Return all the lines below exactly. Any picture among them is omitted.

### DATASET SECTION
━━━━━━━━━━━━━━━━━━━━
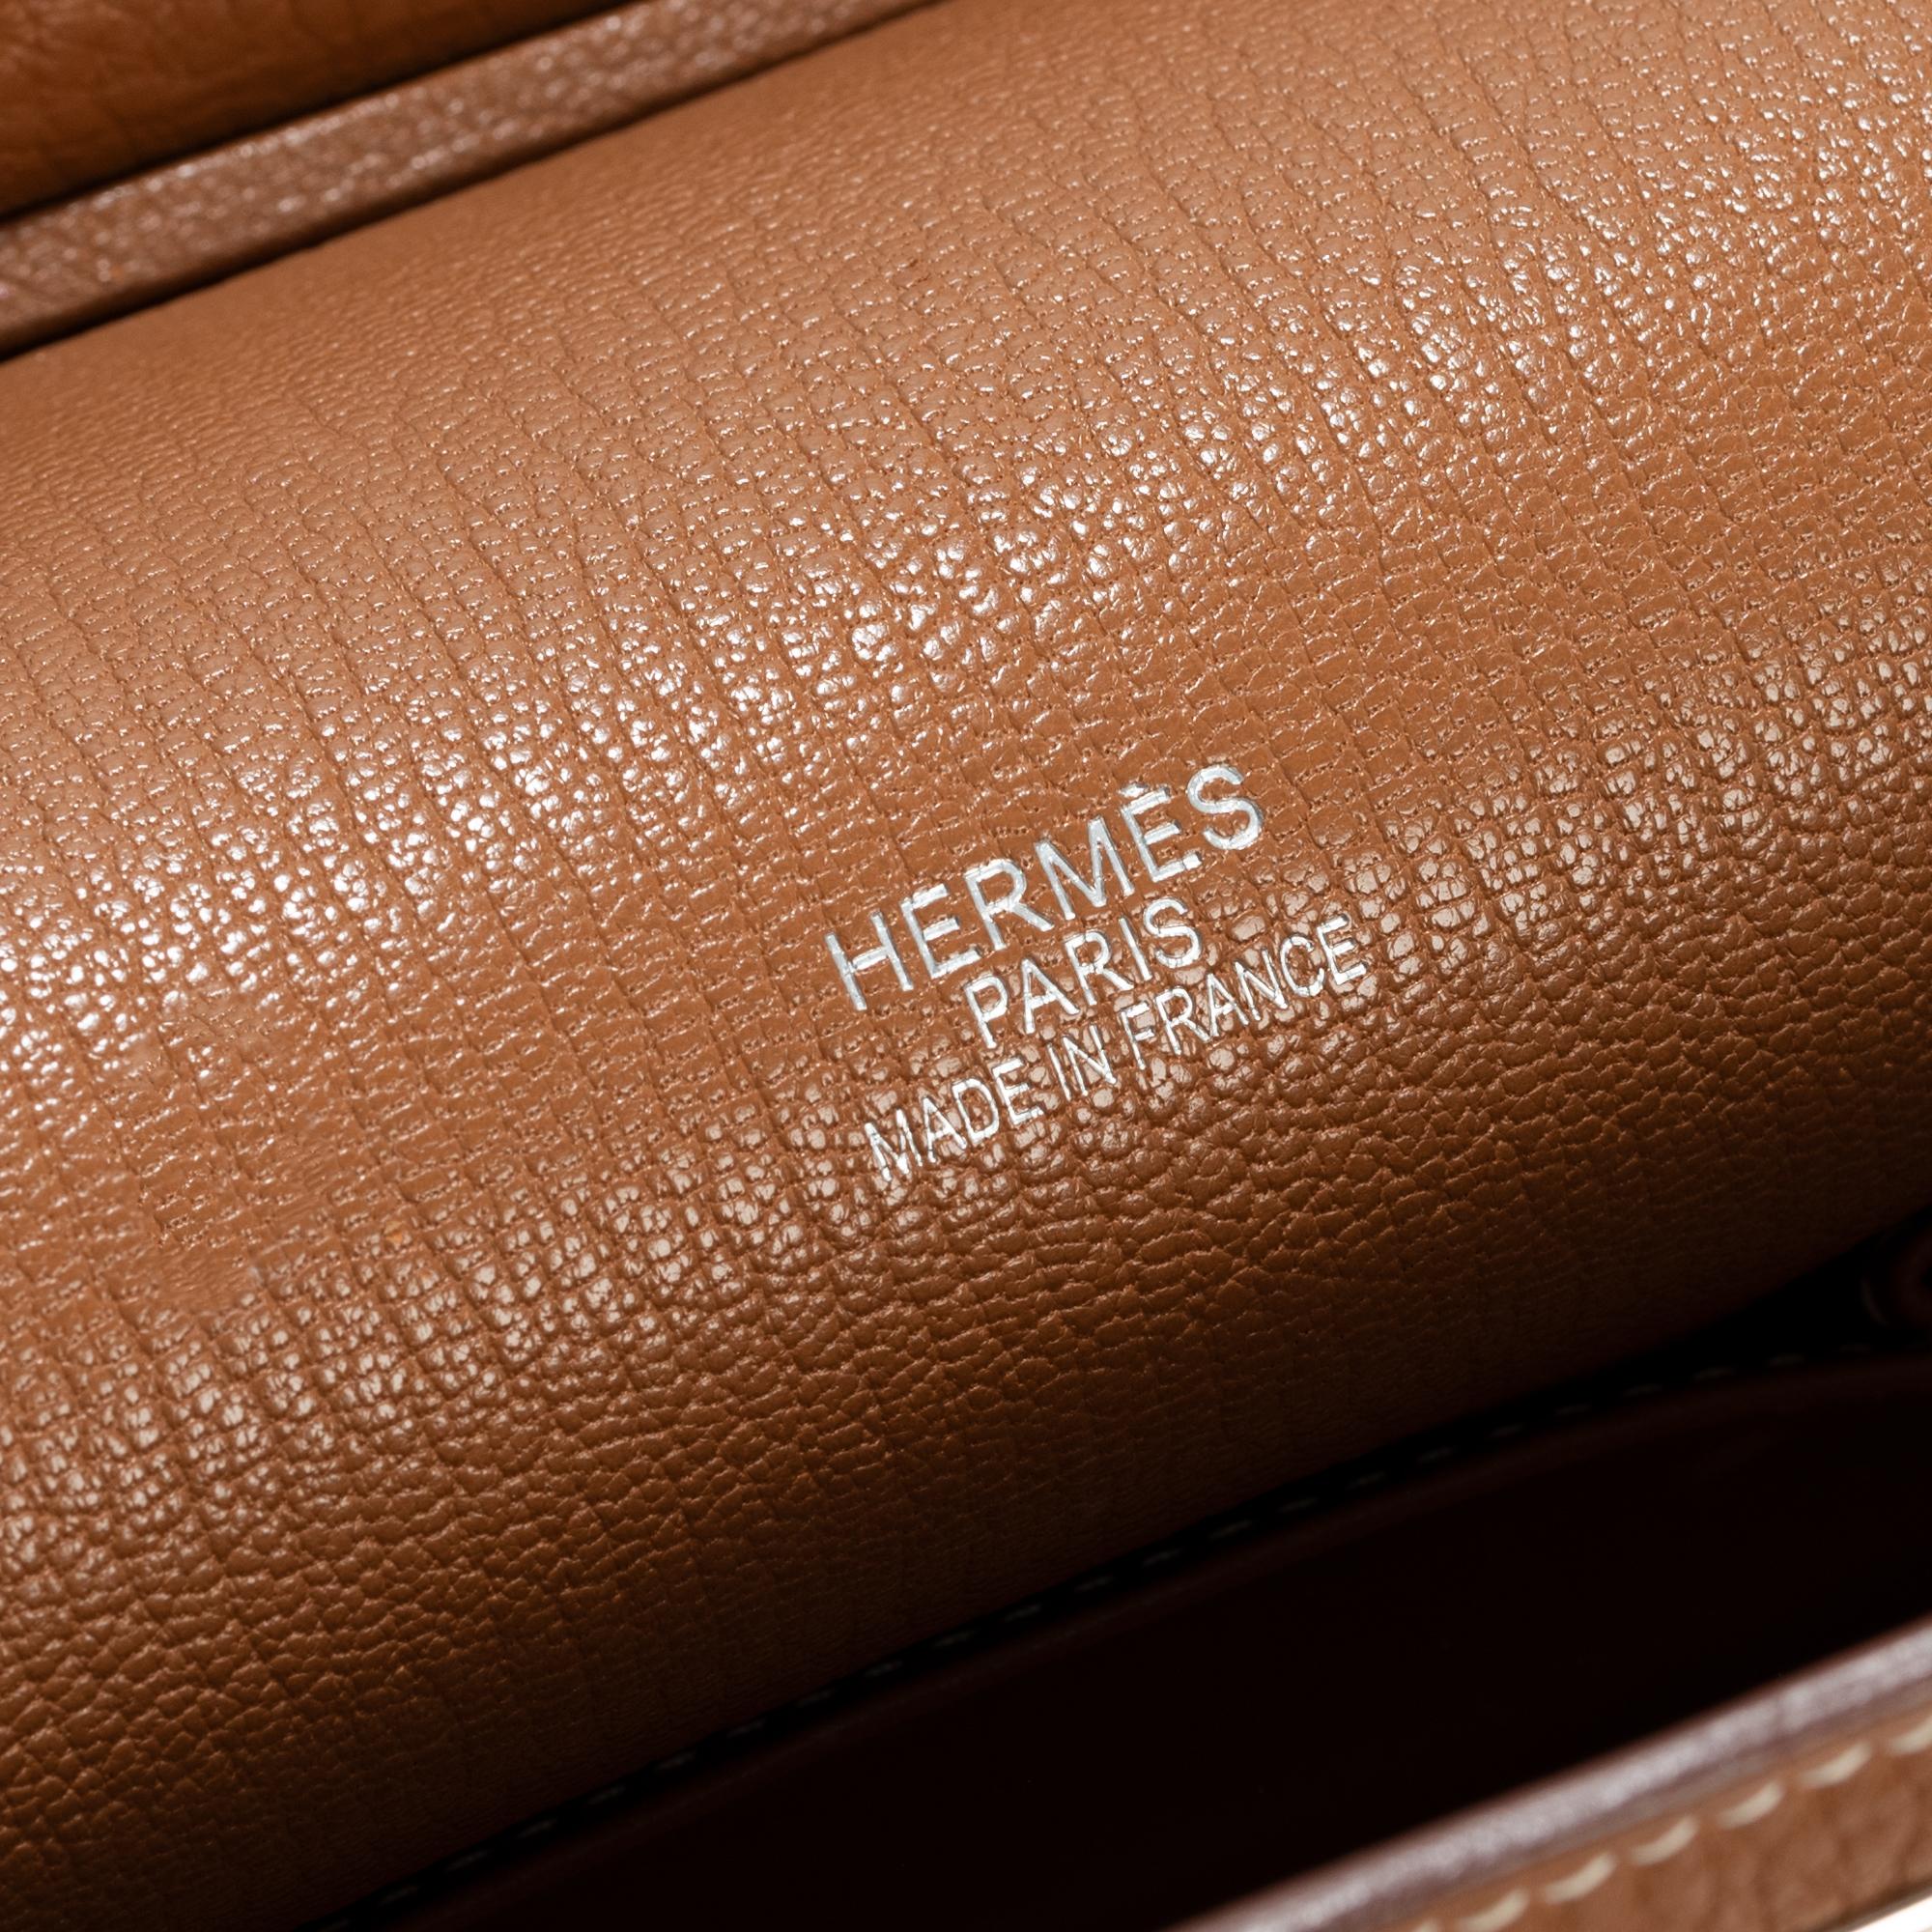 Hermès Jypsière crossbody bag in gold grained leather and PHW 7
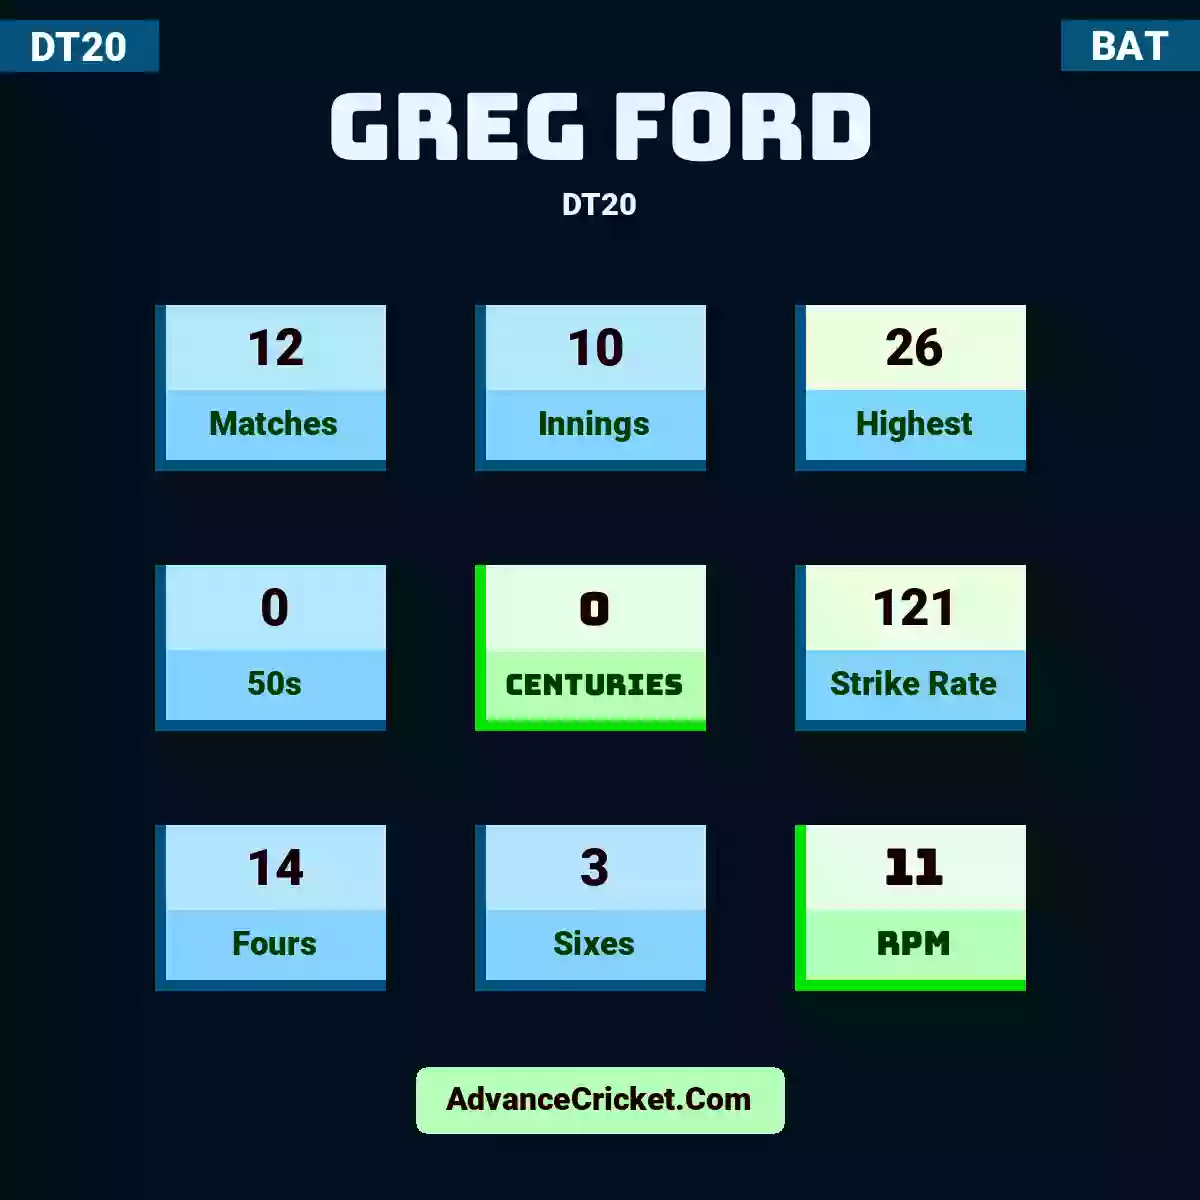 Greg Ford DT20 , Greg Ford played 12 matches, scored 26 runs as highest, 0 half-centuries, and 0 centuries, with a strike rate of 121. G.Ford hit 14 fours and 3 sixes, with an RPM of 11.
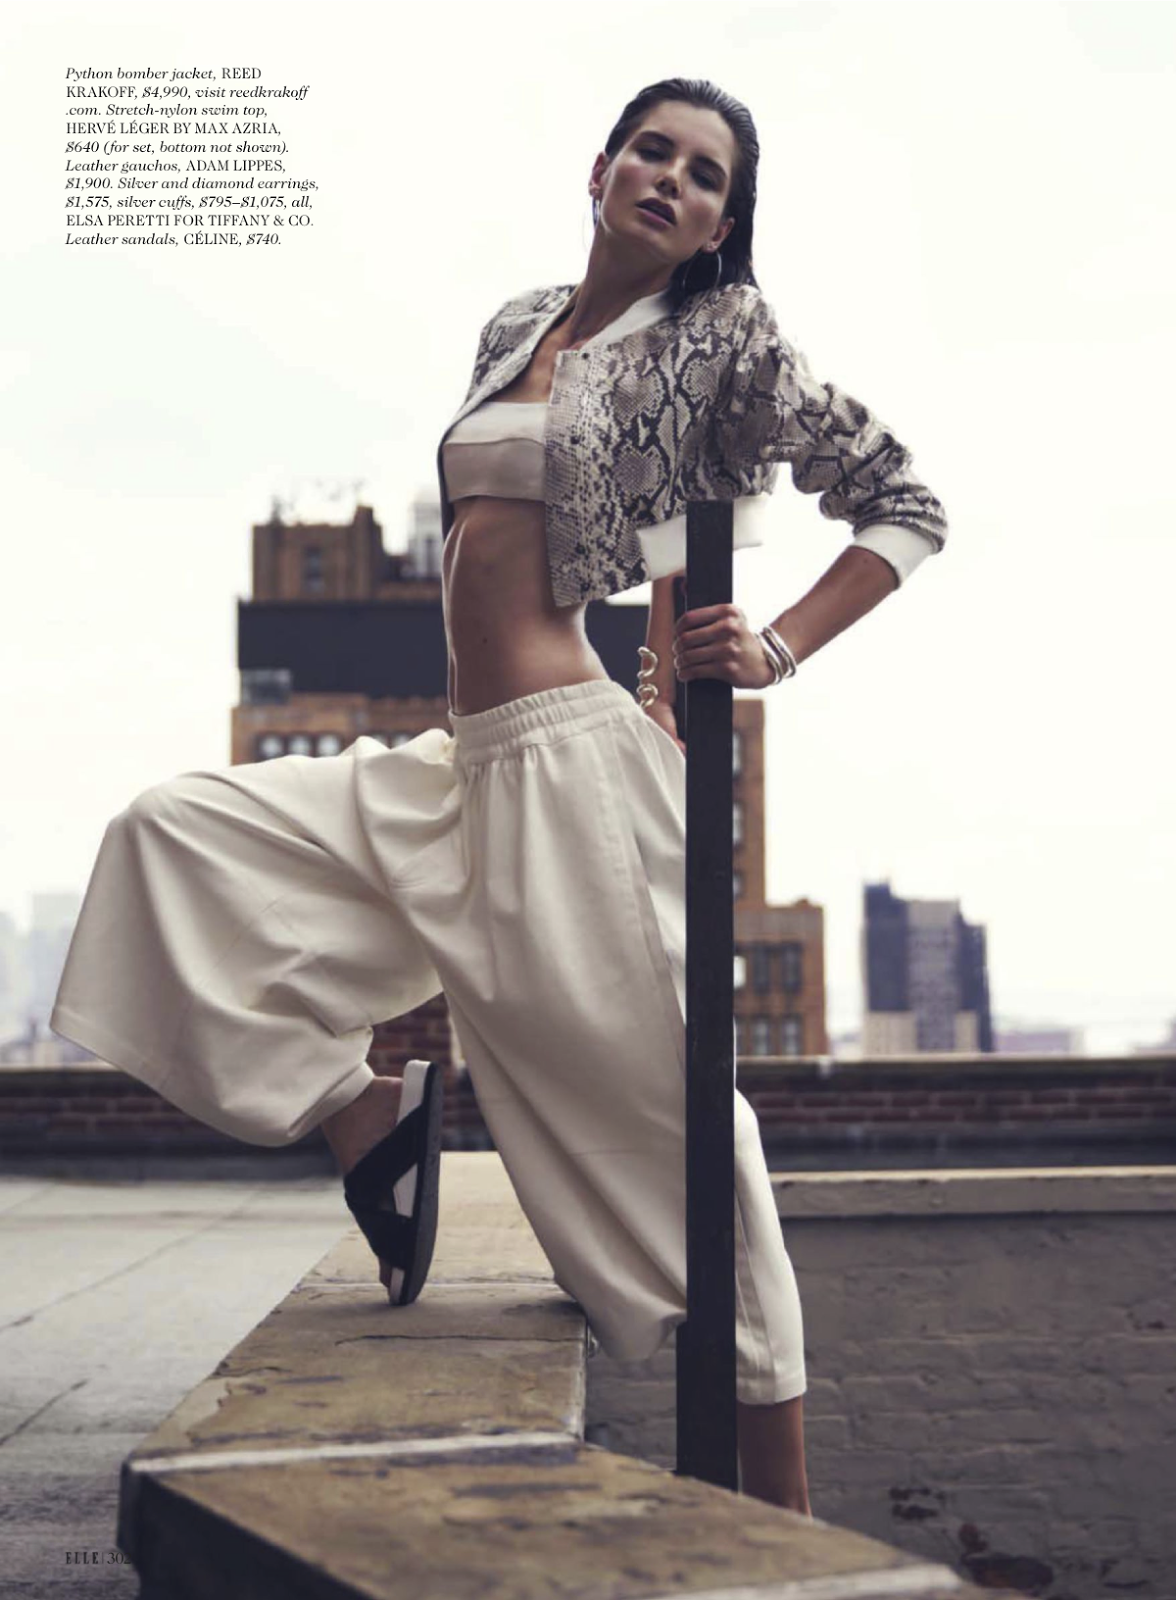 Elle_USA_2013-12+%2528dragged%2529+2.png
━━━━━━━━━━━━━━━━━━━━
### SOLUTION
 Hermès Jypsière crossbody bag in gold grained leather and PHW 7
 Greg Ford DT20 , Greg Ford played 12 matches, scored 26 runs as highest, 0 half-centuries, and 0 centuries, with a strike rate of 121. G.Ford hit 14 fours and 3 sixes, with an RPM of 11.
 Elle_USA_2013-12+%2528dragged%2529+2.png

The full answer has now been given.